Today, expedited by the pandemic, the widespread adoption of digital technology for products and services has made basic cyber security essential to every business that connects to the internet. Accessibility to this protection contributes to the national security of the UK. Consequently, the National Cyber Security Centre (NCSC) aims to extend its reach to offer a trusted source of cyber security advice to a wider range of organisations.

Despite a growing emphasis on cyber security, many organisations often find it hard to choose the right help to meet current guidance. The Cyber Advisor scheme aims to ensure the understanding and application of trusted cyber security advice.

How does the Cyber Advisor Scheme work?

Cyber Advisors will initially focus on helping organisations to implement the five Cyber Essentials Technical Controls. This service will be known as Cyber Advisor (Cyber Essentials).
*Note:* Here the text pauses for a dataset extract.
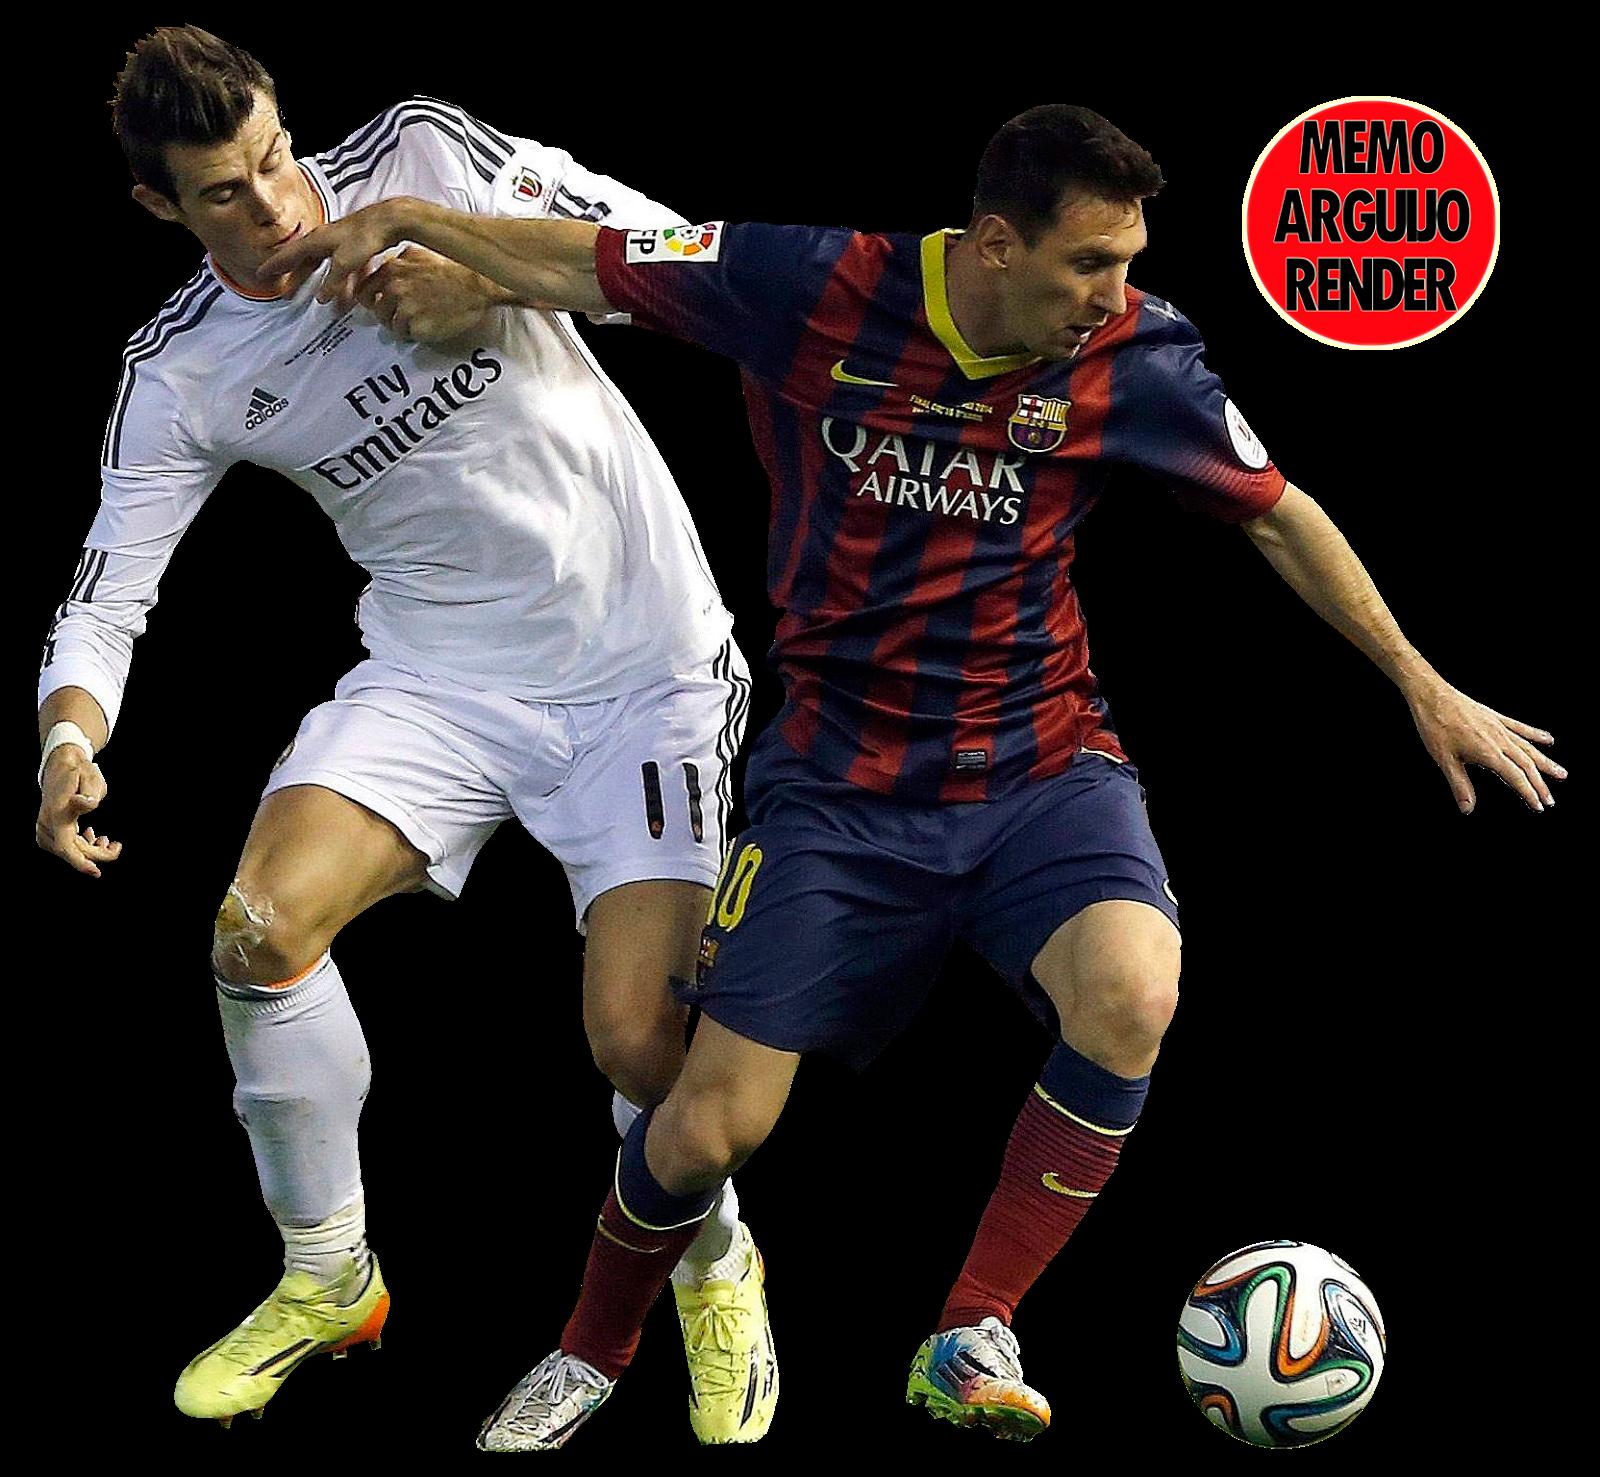 Barcelona Vs Celta Vigo Youtube: Promocionado Por / Sponsored By

The name includes Cyber Essentials in order to differentiate them from any future assured Cyber Advisors assisting small organisations in other areas of cyber security.

The Cyber Essentials standard has been adopted because this as a good baseline standard recognised by the NCSC to defend against a range of commonly experienced cyber attacks, including ransomware attacks.

Cyber Advisors (Cyber Essentials) can help organisations assess the gap between their current cyber security stance, and that achieved by implementing the Cyber Essentials technical controls.

With the specific needs of an individual business in mind, Cyber Advisors can provide hands-on support to help the organisation take recommended actions. All our Advisors have been assessed not just on their technical knowledge, but also their ability to work specifically with small and medium sized organisations.

An organisation will be helped to meet the Cyber Essentials technical controls, however, they do not necessarily need to be aiming for Cyber Essentials certification. The advice offered by Cyber Advisors will help prepare an organisation should they wish to certify, in which case, they will need to apply through a Cyber Essentials Certification Body.

Cyber Advisors can help organisations by:

• Conducting Cyber Essentials gap analysis to assess the organisations internet-facing IT, identifying where it fails to meet the Cyber Essentials controls
• Developing reports on the status of the organisation’s Cyber Essentials controls i.e. detailing the requirements that are met and those that are not; describing why controls are not met and the risks the organisation is exposed to; recommended actions to take
• Working with the business to agree remediation activities
• Planning remediation activities that align to the risk and business priorities
• Implementing remediation activities – or guide technical teams to do so – sympathetically to operational activities
• Developing and presenting post-engagement reports summarising the engagement and detailing any remediation work completed, pointing out any residual risk with recommendations for reducing those risks

What is the difference between a Cyber Essentials certification body and a Cyber Advisor Assured Service Provider?

A Cyber Essentials Certification Body can assess if an organisation meets the criteria required for Cyber Essentials certification and issue that certification – something a Cyber Advisor cannot do unless their organisation is also a Cyber Essentials Certification Body.

A Cyber Advisor can offer both the advice on and help in implementing the Cyber Essentials technical controls – something that a Cyber Essentials Certification Body cannot do unless it is also a Cyber Advisor Assured Service Provider.